Lucky Express explores the life of children living on railway platforms.
By Deepak Chitnis
WASHINGTON, DC: Director Anna Fischer’s documentary Lucky Express sheds light on a problem many outside – and perhaps even within India – either don’t know about or choose to turn a blind eye towards. The film is a probing look into the lives of “platform children,” a colloquial term for abandoned youths who find themselves on train platforms throughout India and turn to various tactics in order to survive.
Fischer’s way into this world is through Vijay Bahadhur, who goes by the name of Lucky. Lucky is a former platform child who ran away from his home in Nepal and found himself at a train station in New Delhi, where he stayed until he was a teenager.

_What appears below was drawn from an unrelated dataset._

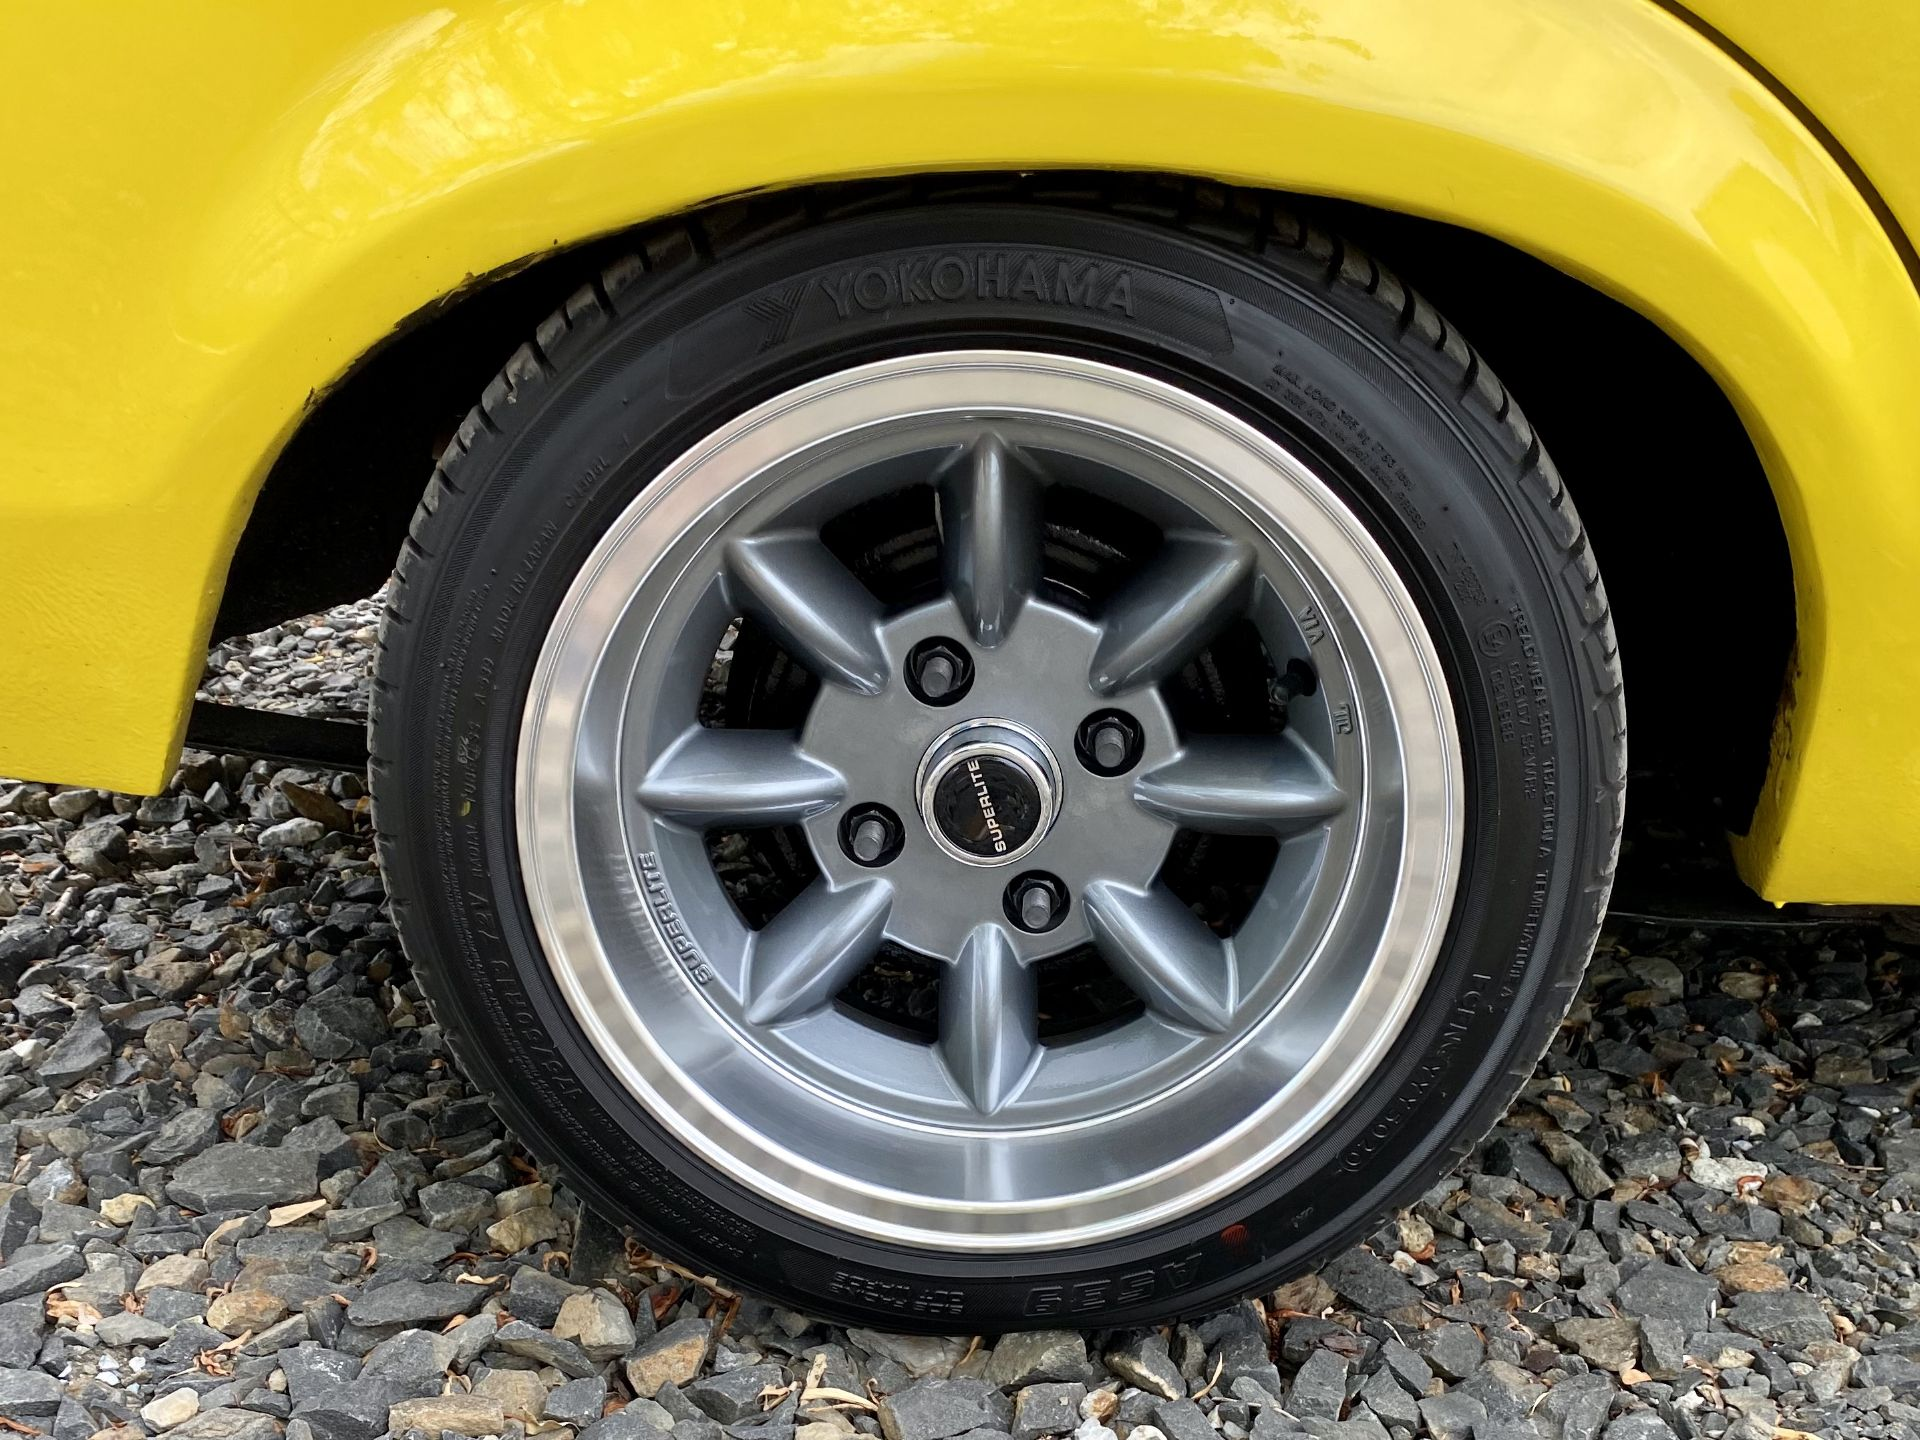 Ford Escort MK2 - Image 27 of 58

The story of his life make up the beginning and end of the film, bookending things with a nice emotional arc about a young man we come to admire and care about over the course of the film.
The film talks about how these children, who are very young and extremely poor, do everything from collecting bottles to pick-pocketing to, in some cases, prostituting themselves in order to survive. While the Indian government has enacted laws and policies to protect these children and put them in schools, the sheer number of them and the fact that many simply get used to the life they live often makes it difficult to save them from such depravation.
Lucky Express is a well-made film. Although obviously low-budget, with consumer-level cameras and some rough audio, its grittiness and lack of polish help it attain a verisimilitude that makes things more realistic and powerful. Some of the stories told within the film are not easy to hear, but they are important, although the argument could be made that the film is heavy handed and emotionally exploitative (not exploitative of the children discussed in the film, though, since Fischer was keen to avoid doing that). The film is short at just under 90 minutes, making it easy to watch and, hopefully, more accessible for viewers who don’t normally go out of their way to watch documentaries.
Fischer, a Swedish filmmaker, studied in New York, and has a Master’s degree from New York University in Journalism and International Relations. She has lived in Kathmandu, Nepal for three years and has been living in Varanasi, India, since 2003.
Lucky Express will be available on DVD on August 27th. It was an official selection at the Jaipur international Film Festival and the Long Island International Film Expo. Last year, Fisher won the “Best Director of a Documentary” Award at the ITN Distribution Film Festival.
Grade: B+
Release date: August 27th, 2013 (DVD).
Starring: Anna Fischer, Lucky Bahadhur.
Director: Anna Fischer.
Not Rated (roughly PG-13; some discussions in the film are not appropriate for younger viewers).